• GOAL OF THE EXERCISE: The pictures get left out, but everything else in the listing below must be duplicated exactly.

• RECORDED INFORMATION:
+ + + +
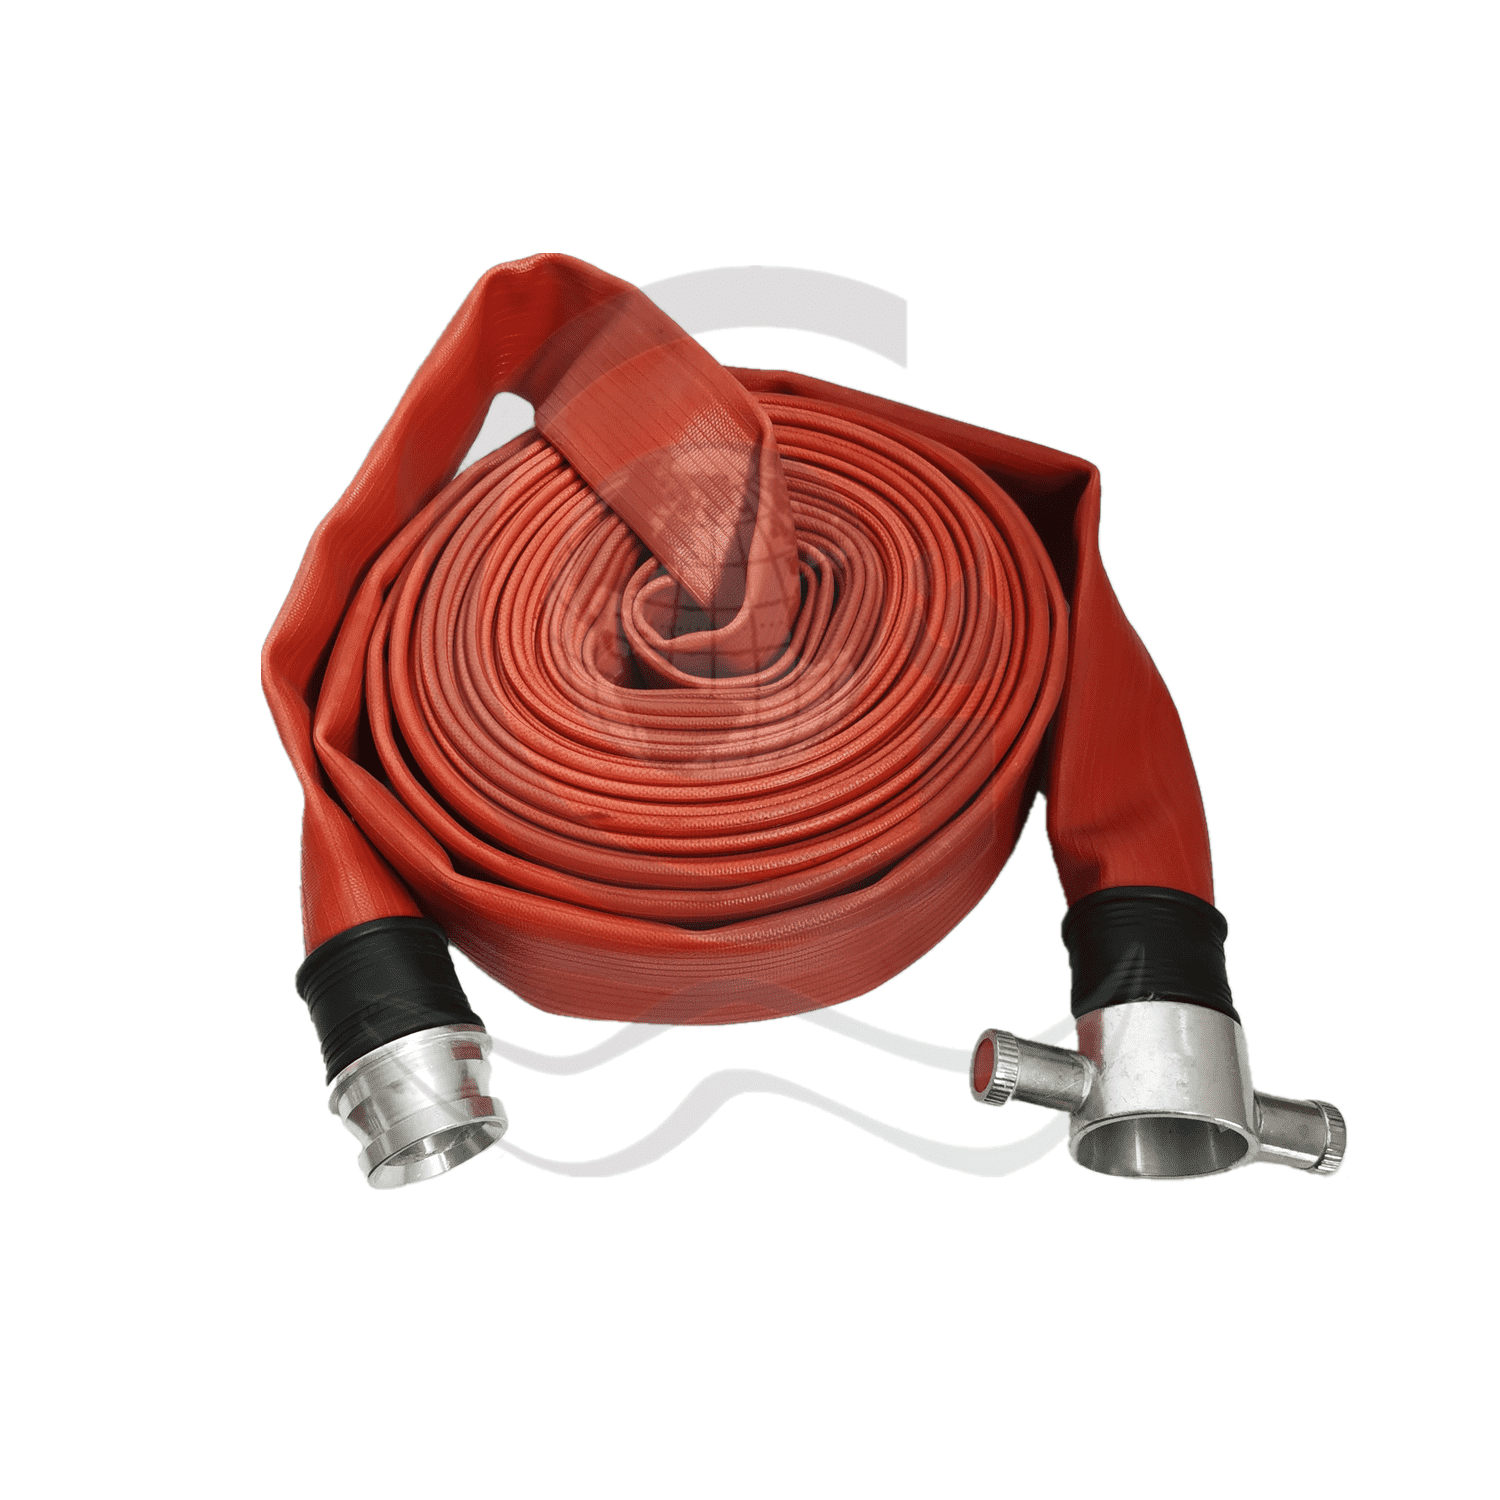 China Good Quality Quick Coupling Fire Hose - duraline fire hose
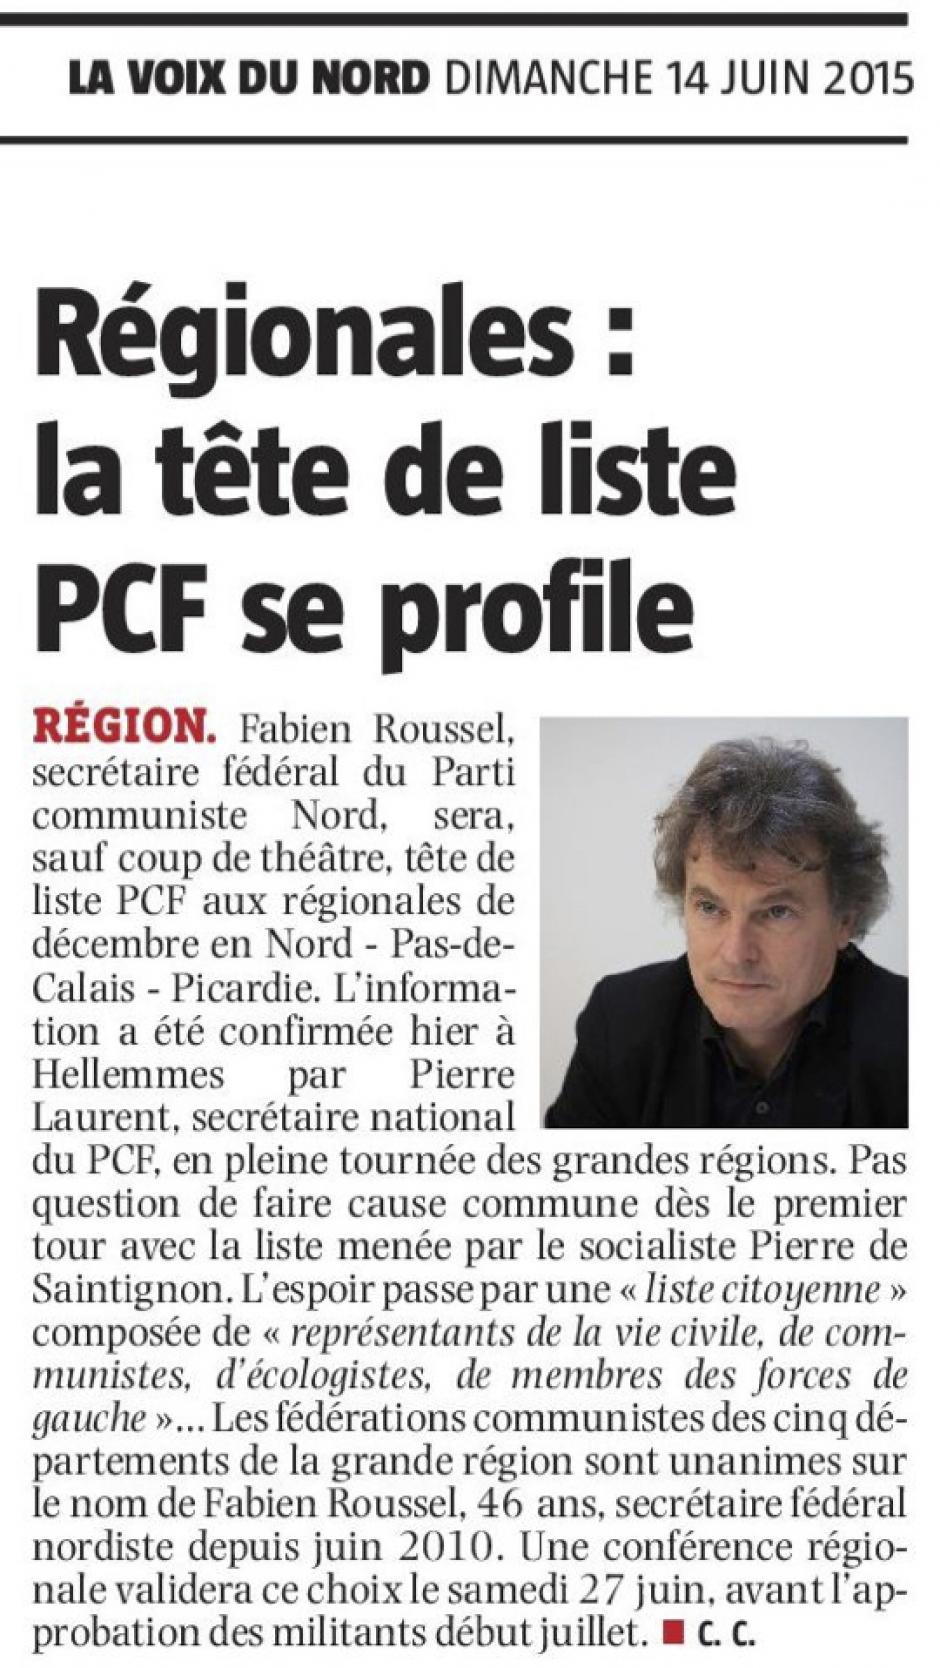 20150614-VdN-Picardie-Nord-Pas-de-Calais-R2015-La tête de liste PCF se profile
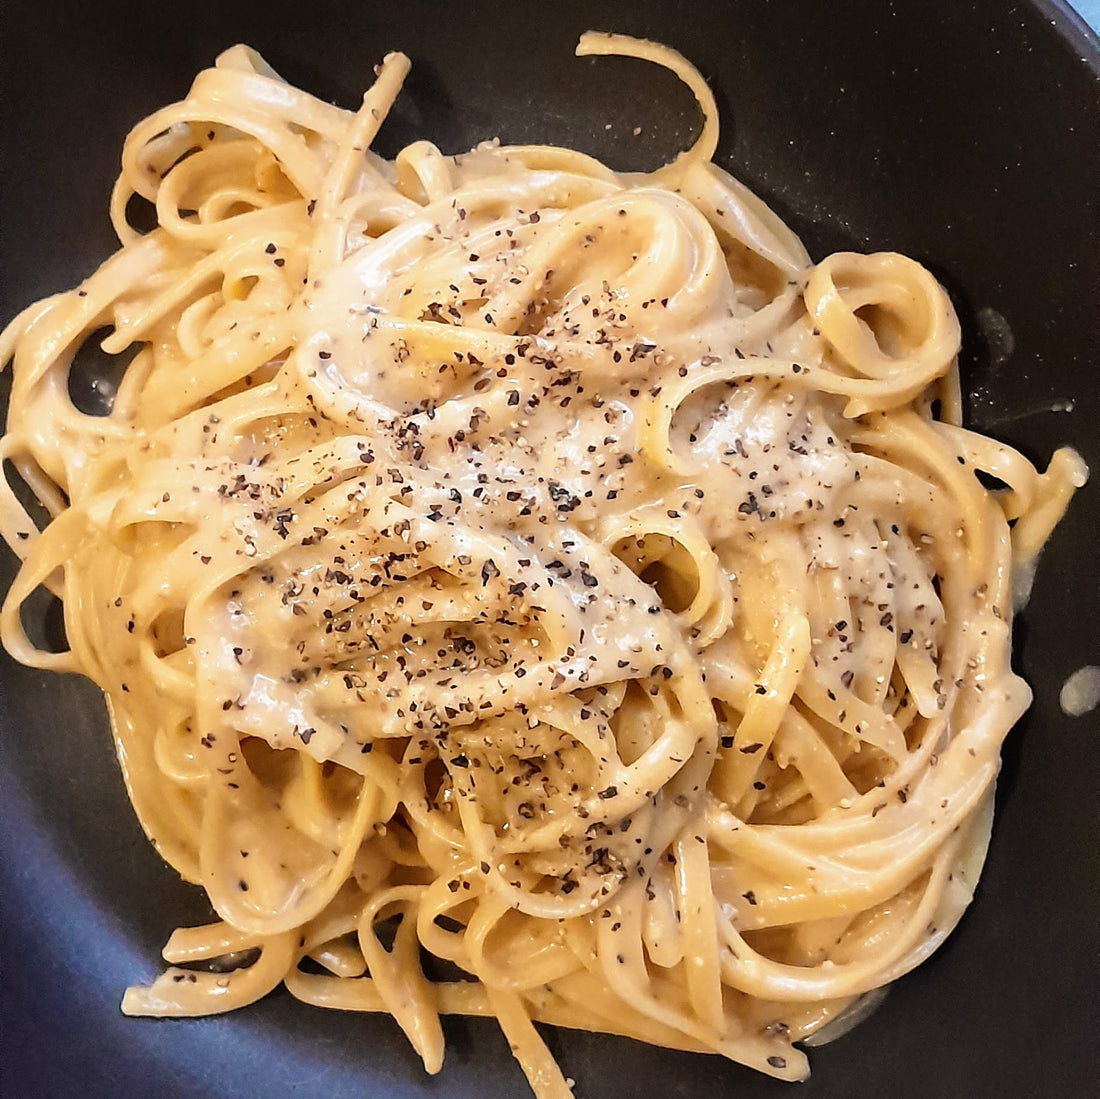 [RECIPE] "cacio e pepe" inspired pasta
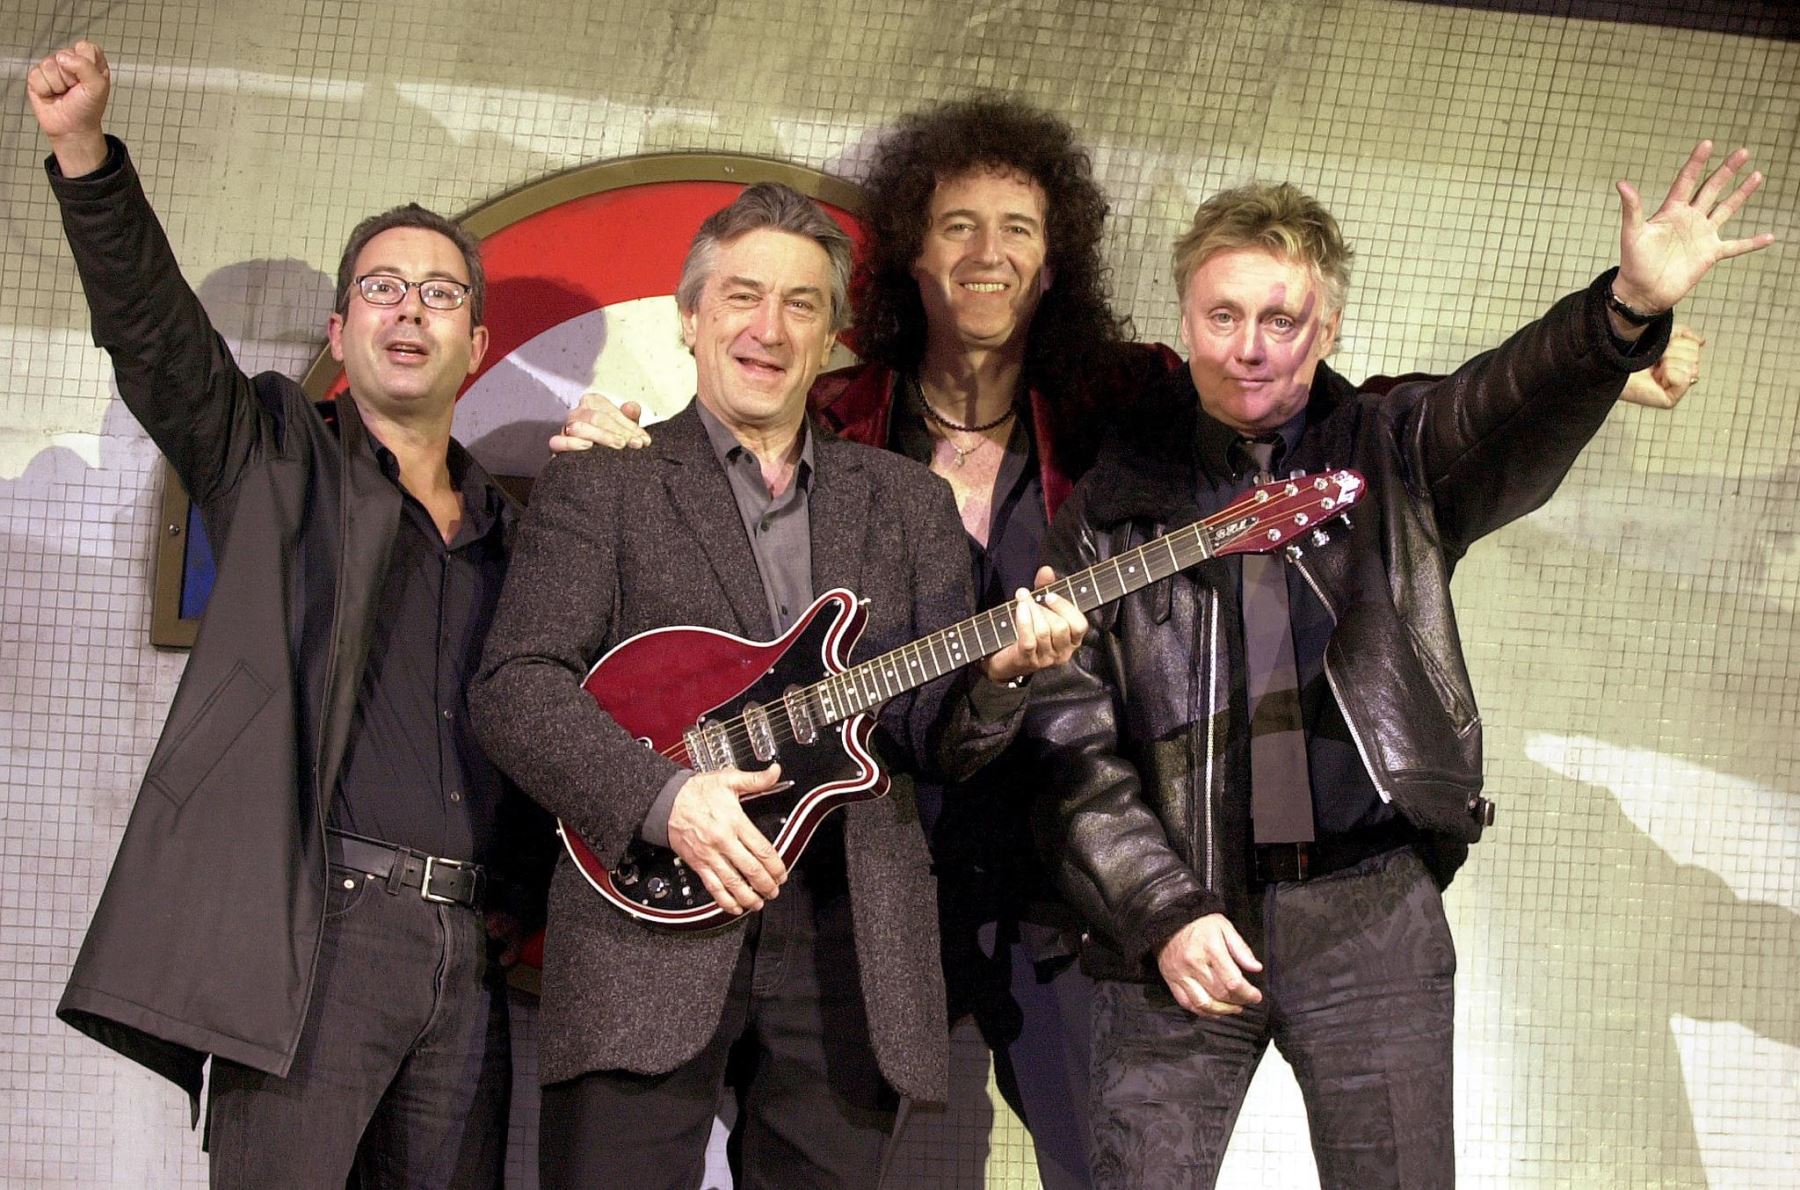 (De la izquierda) El comediante británico Ben Elton (L), el actor estadounidense Robert de Niro y miembros de la banda Queen Brian May y Roger Taylor asisten a una conferencia de prensa de su nuevo musical en Dominion Theatre, el 26 de marzo de 2002. AFP
+ + + +
• YOUR SOLUTION:
 China Good Quality Quick Coupling Fire Hose - duraline fire hose
 20150614-VdN-Picardie-Nord-Pas-de-Calais-R2015-La tête de liste PCF se profile
 [RECIPE] "cacio e pepe" inspired pasta
 (De la izquierda) El comediante británico Ben Elton (L), el actor estadounidense Robert de Niro y miembros de la banda Queen Brian May y Roger Taylor asisten a una conferencia de prensa de su nuevo musical en Dominion Theatre, el 26 de marzo de 2002. AFP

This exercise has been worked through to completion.